- [The task]:
Repeat the listing that follows exactly. Pictures are not part of the copy.

- [Source data]:
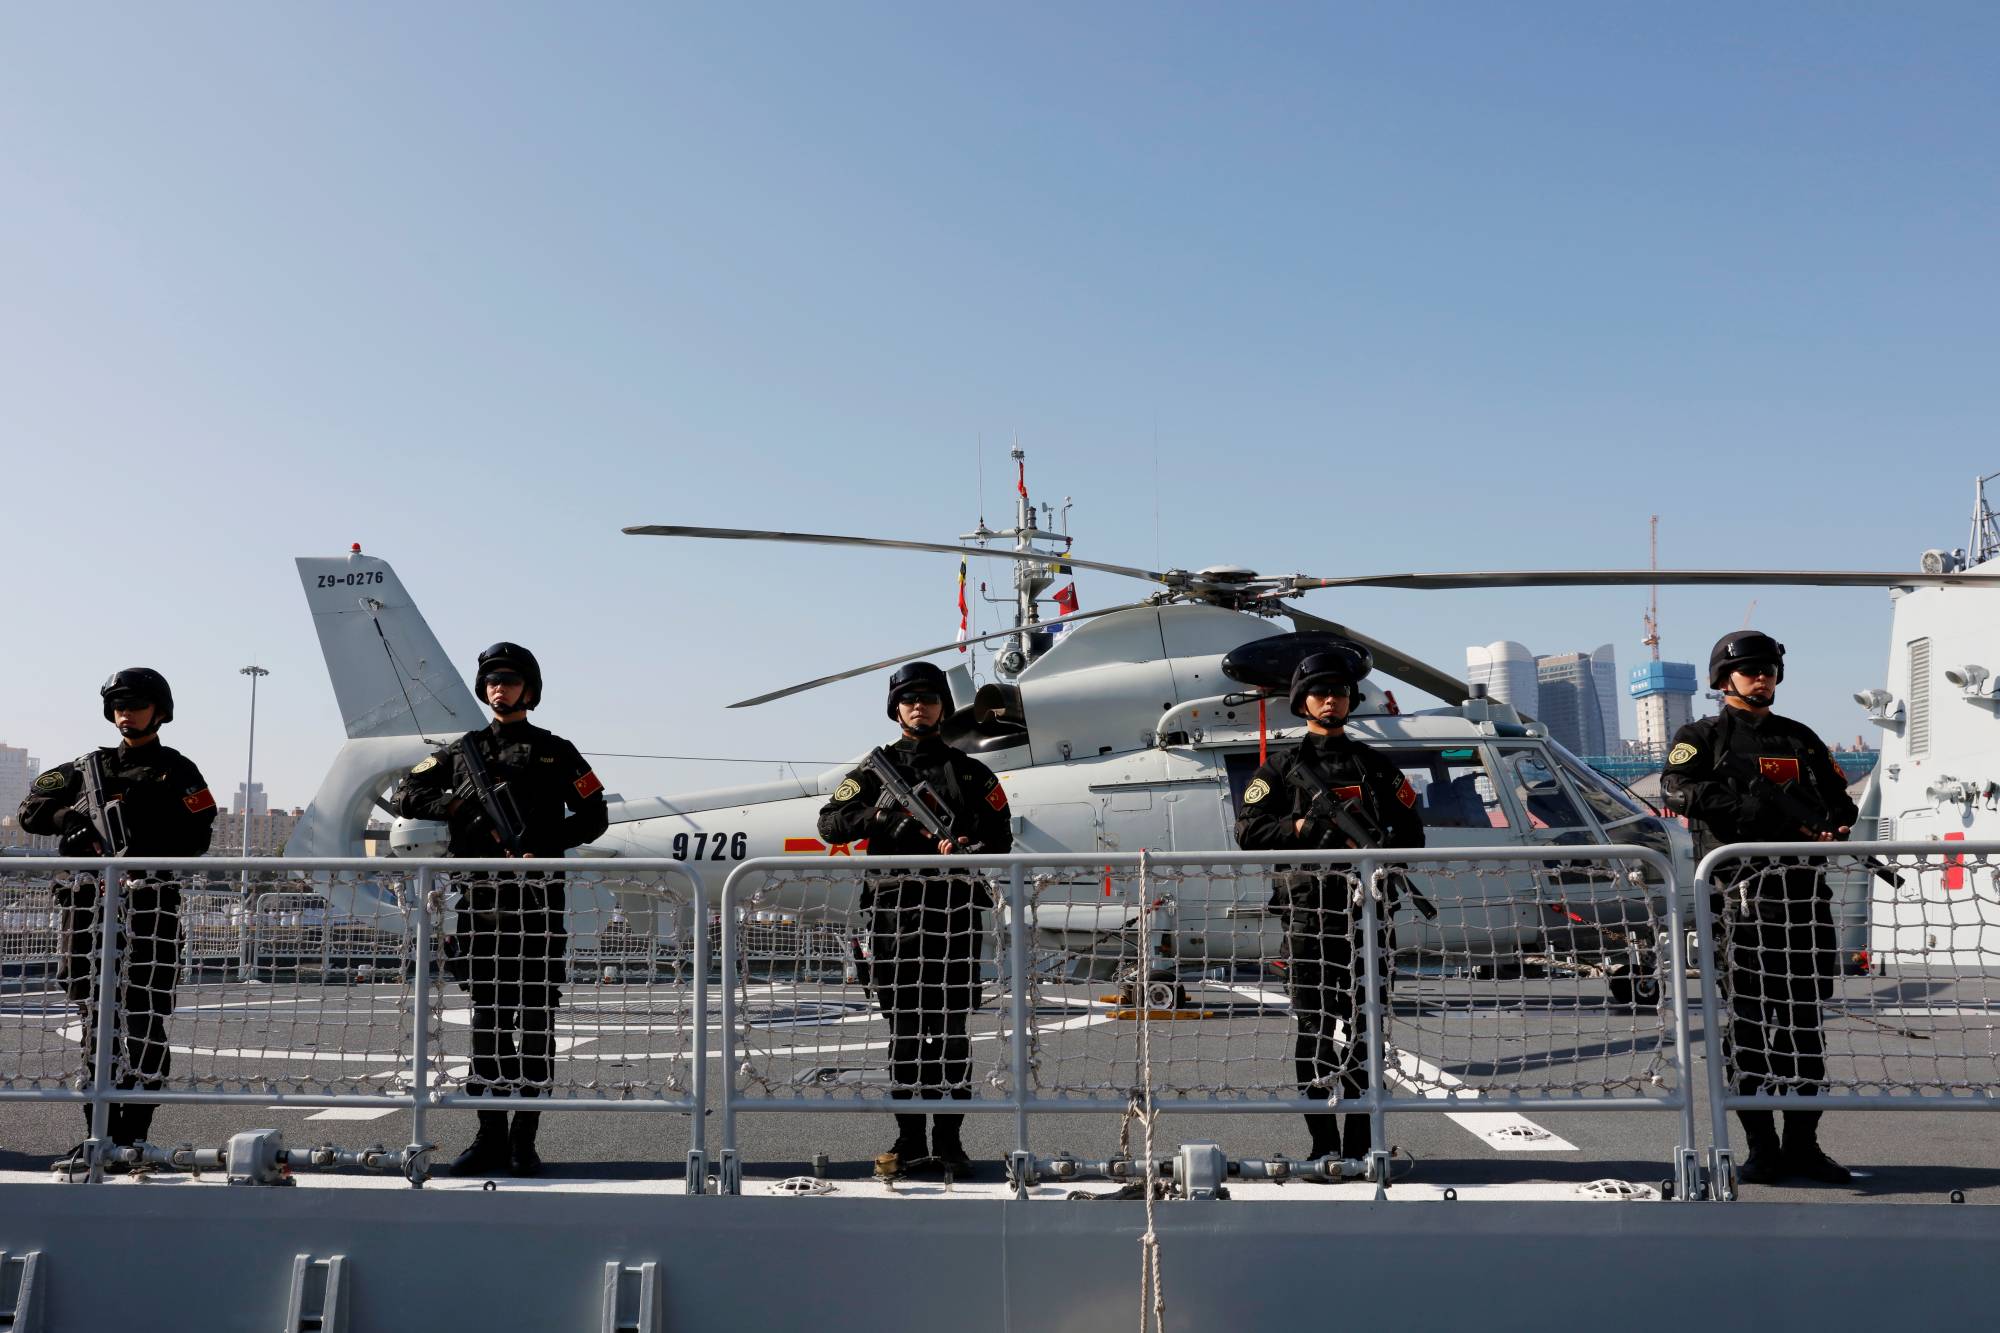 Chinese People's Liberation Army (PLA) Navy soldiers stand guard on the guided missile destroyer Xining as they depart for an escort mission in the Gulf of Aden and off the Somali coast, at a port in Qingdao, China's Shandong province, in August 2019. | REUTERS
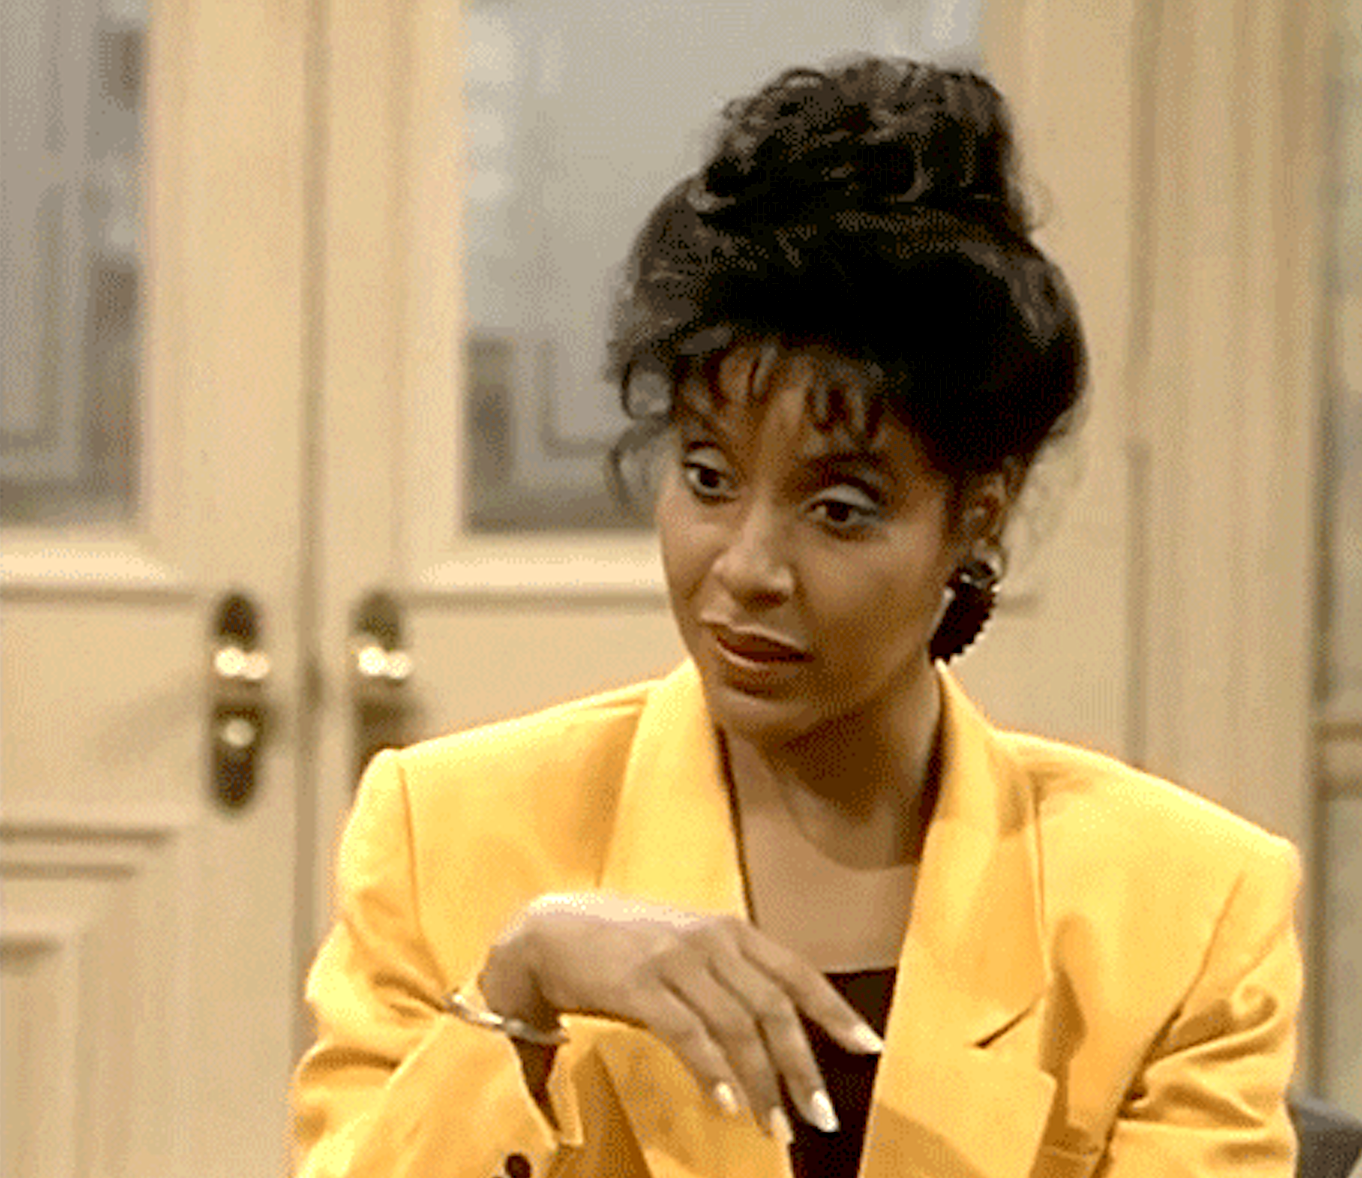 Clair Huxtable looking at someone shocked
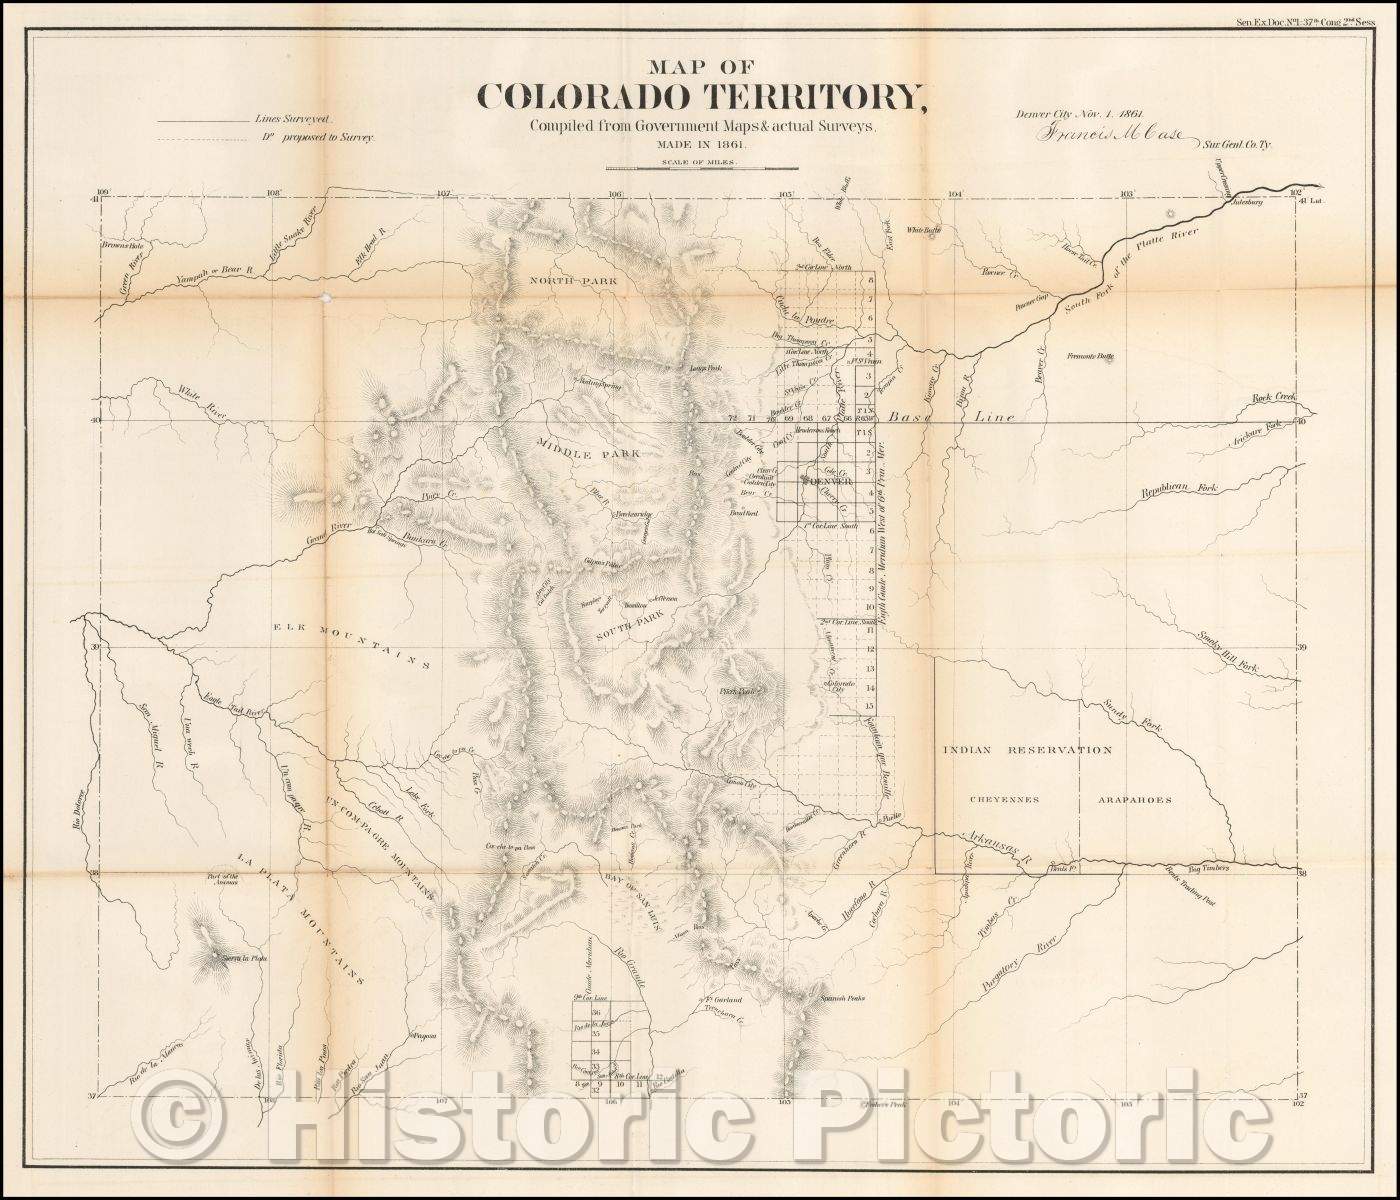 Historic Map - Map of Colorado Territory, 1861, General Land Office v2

- [Written reply]:
 Chinese People's Liberation Army (PLA) Navy soldiers stand guard on the guided missile destroyer Xining as they depart for an escort mission in the Gulf of Aden and off the Somali coast, at a port in Qingdao, China's Shandong province, in August 2019. | REUTERS
 Clair Huxtable looking at someone shocked
 Historic Map - Map of Colorado Territory, 1861, General Land Office v2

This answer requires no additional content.